__Task to carry out__. Would you repeat the listing below exactly, with no pictures in it?

__Data below__.
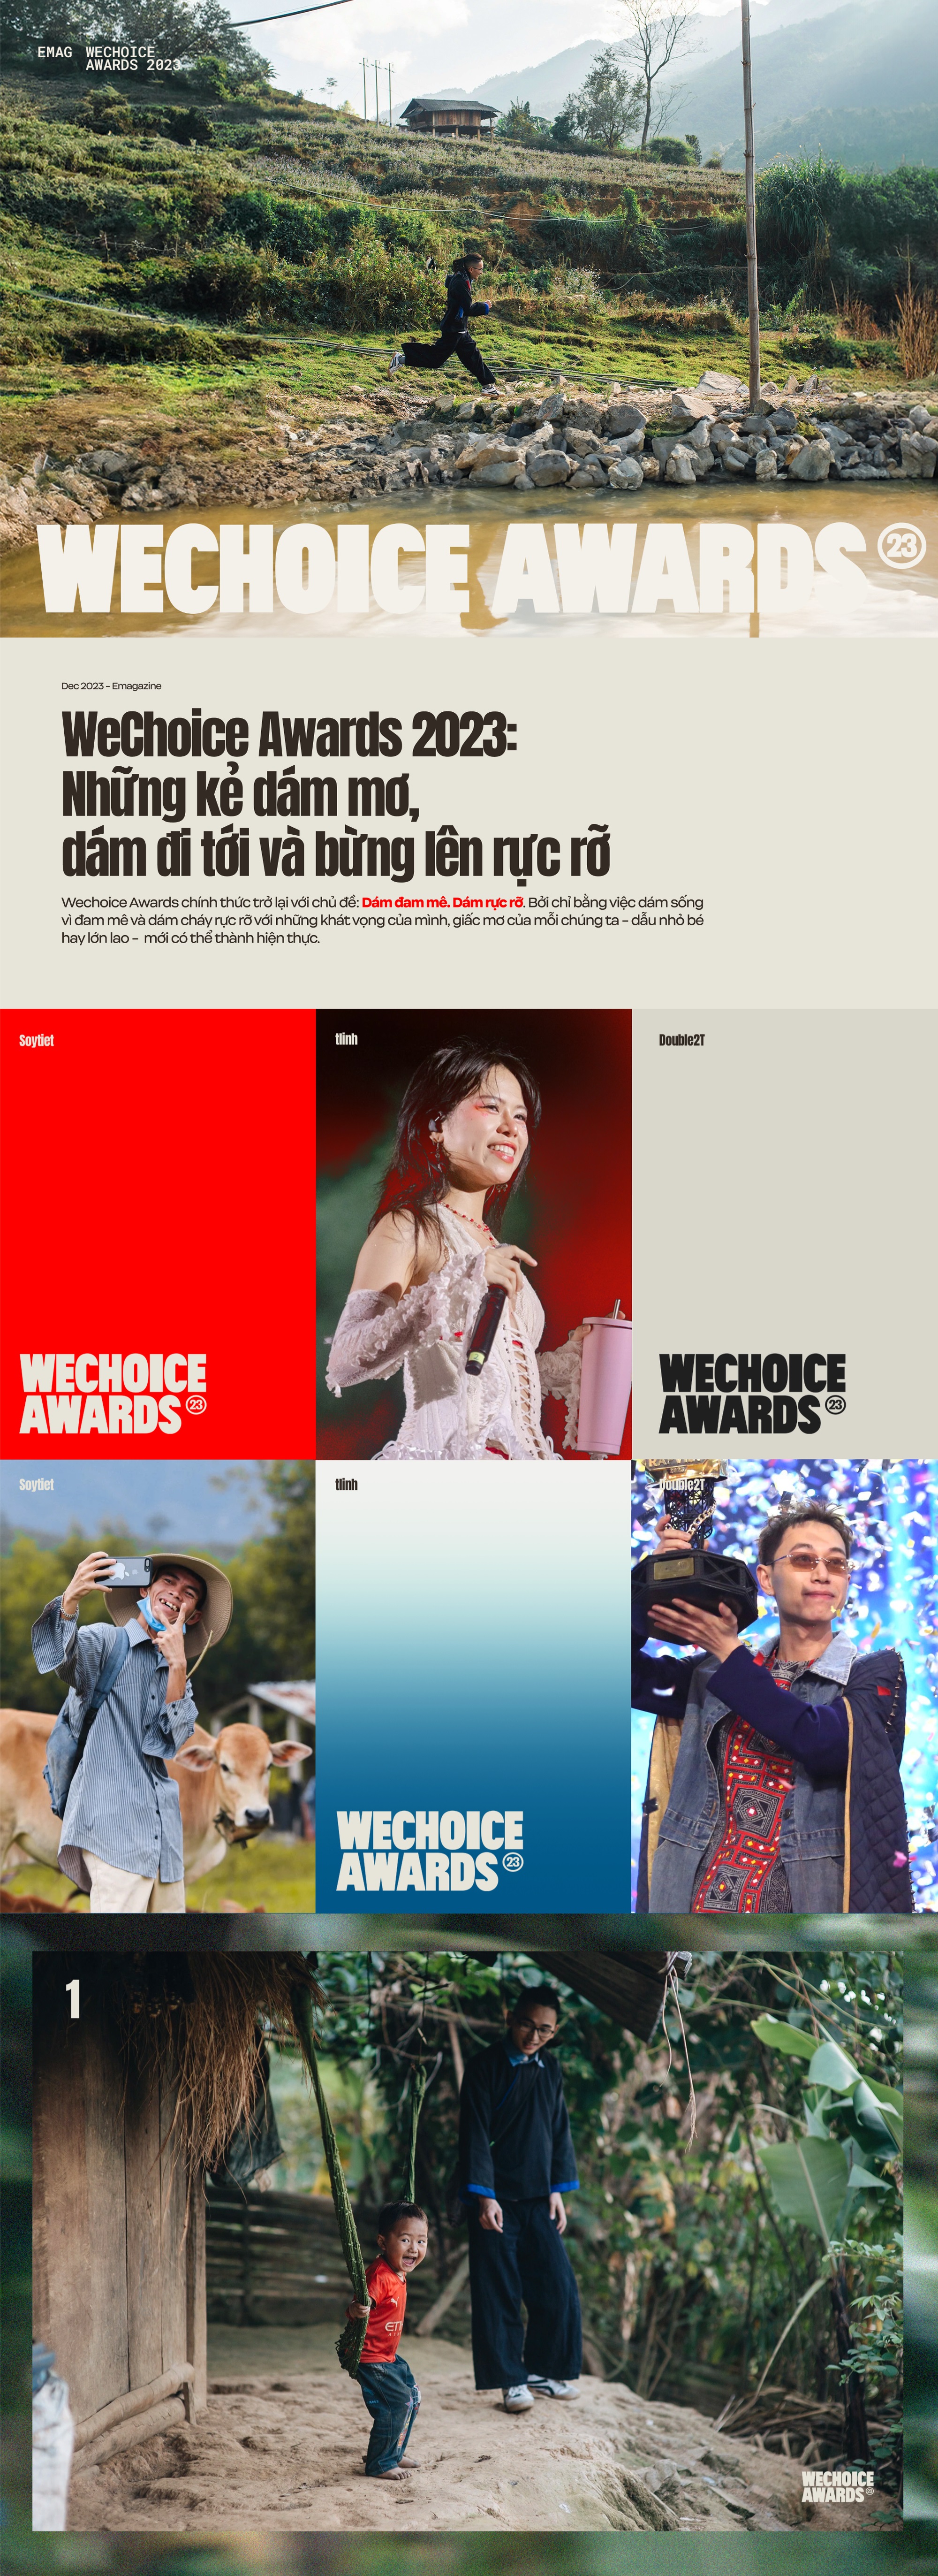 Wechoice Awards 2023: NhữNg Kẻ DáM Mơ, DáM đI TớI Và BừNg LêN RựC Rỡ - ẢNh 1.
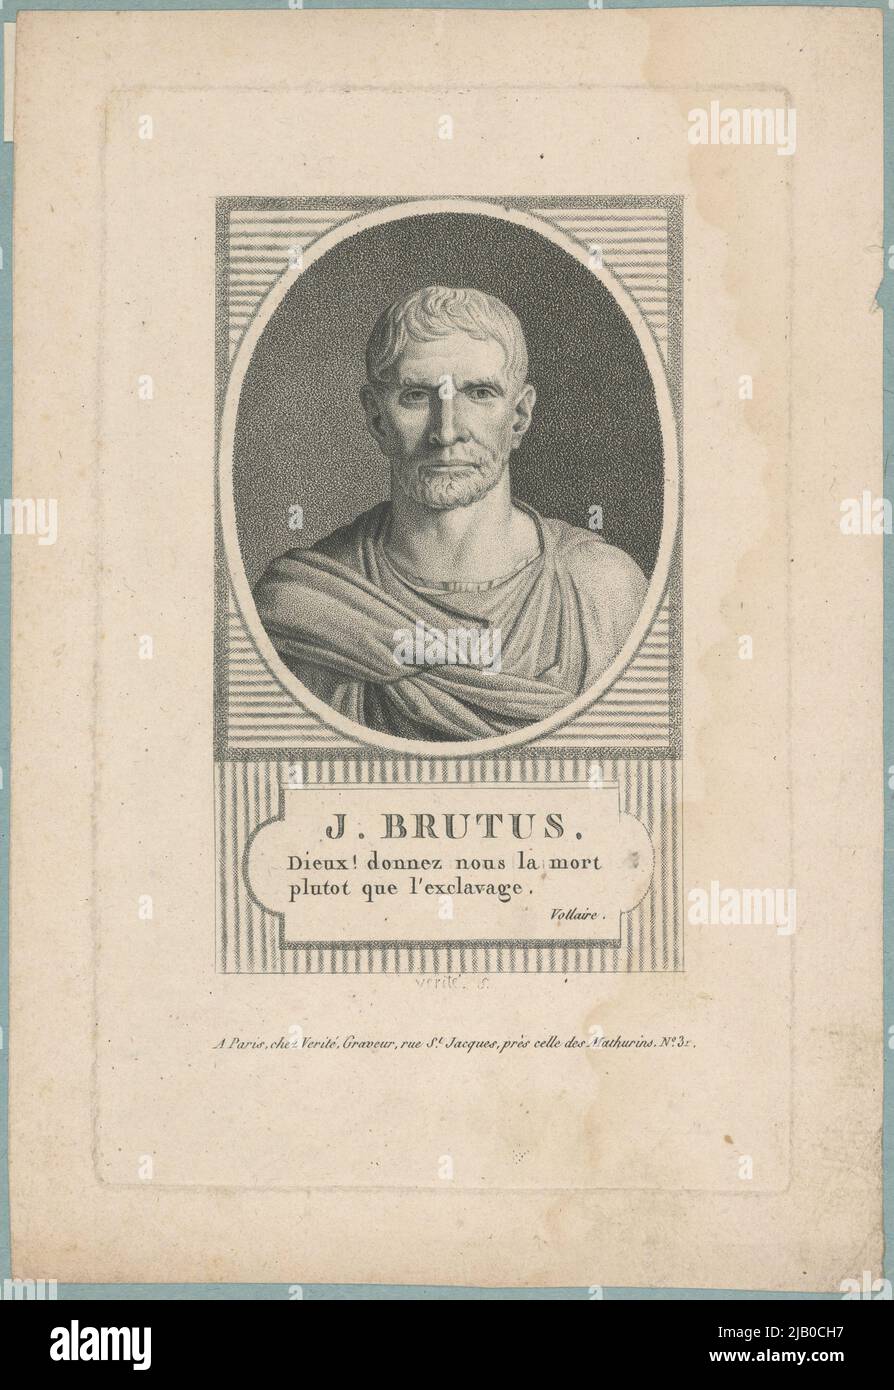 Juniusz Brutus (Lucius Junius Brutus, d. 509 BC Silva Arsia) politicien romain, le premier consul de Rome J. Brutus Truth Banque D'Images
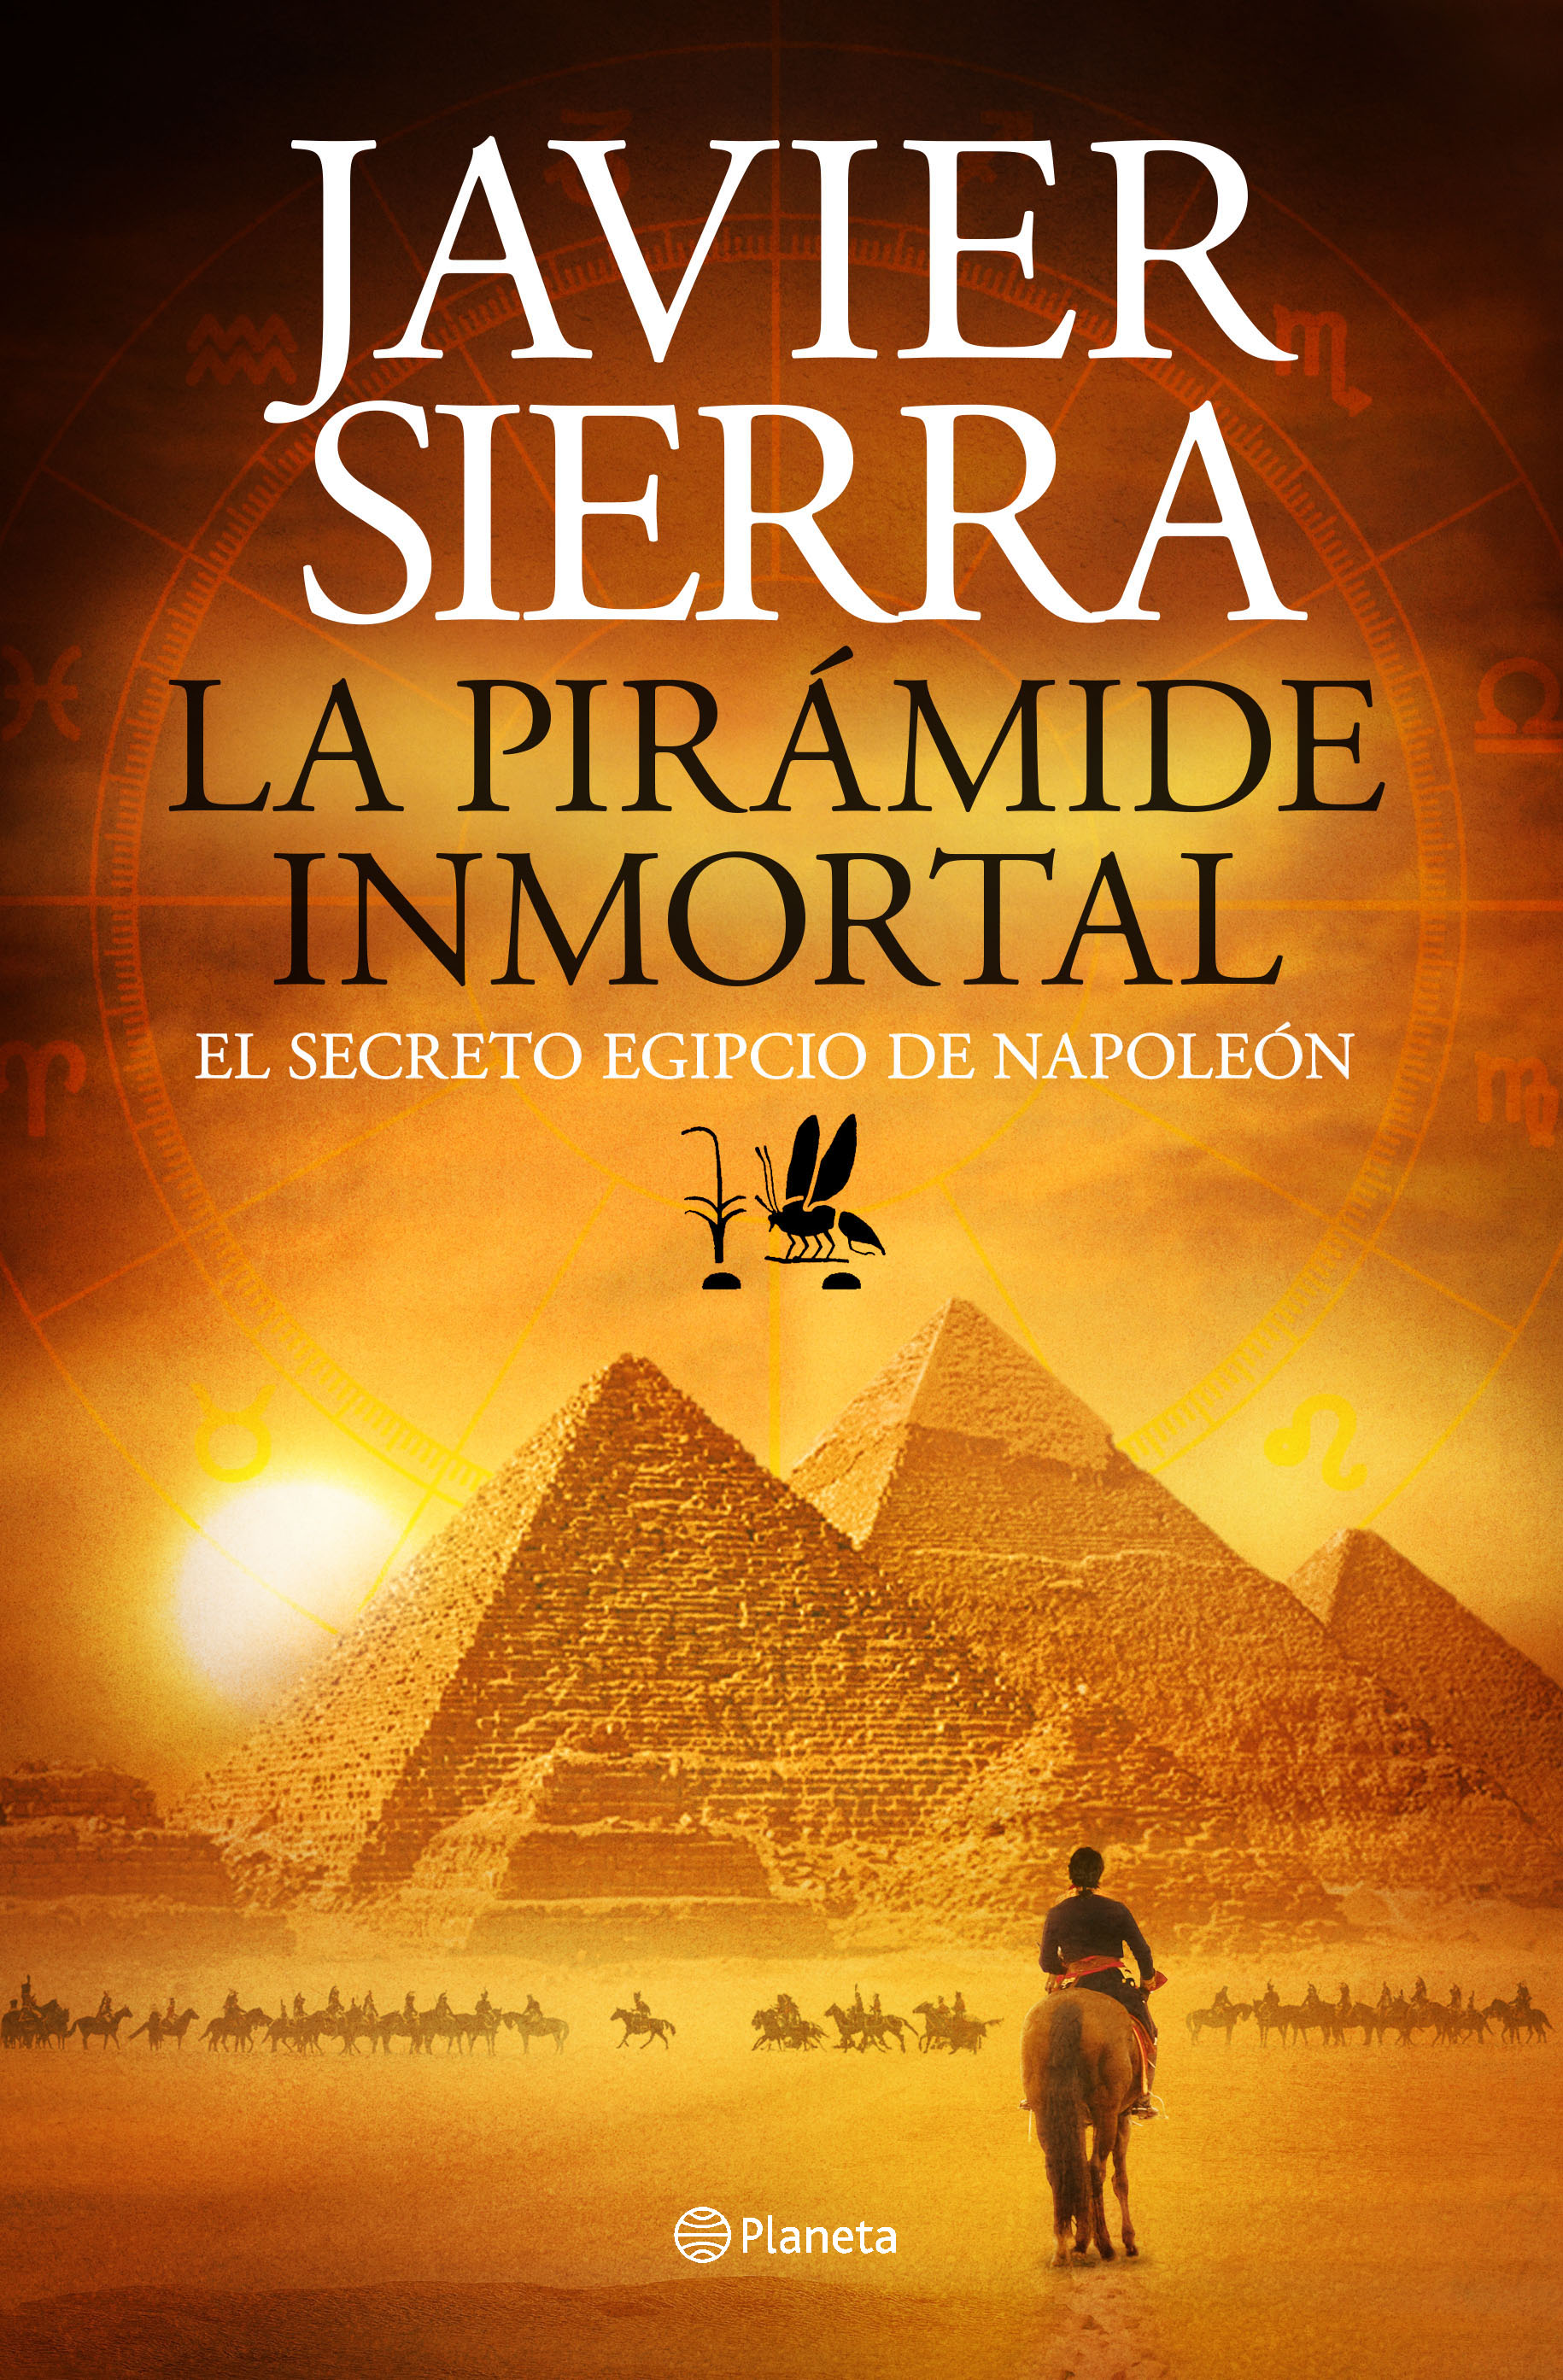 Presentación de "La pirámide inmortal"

__Response area__.
 Wechoice Awards 2023: NhữNg Kẻ DáM Mơ, DáM đI TớI Và BừNg LêN RựC Rỡ - ẢNh 1.
 Juniusz Brutus (Lucius Junius Brutus, d. 509 BC Silva Arsia) politicien romain, le premier consul de Rome J. Brutus Truth Banque D'Images
 Presentación de "La pirámide inmortal"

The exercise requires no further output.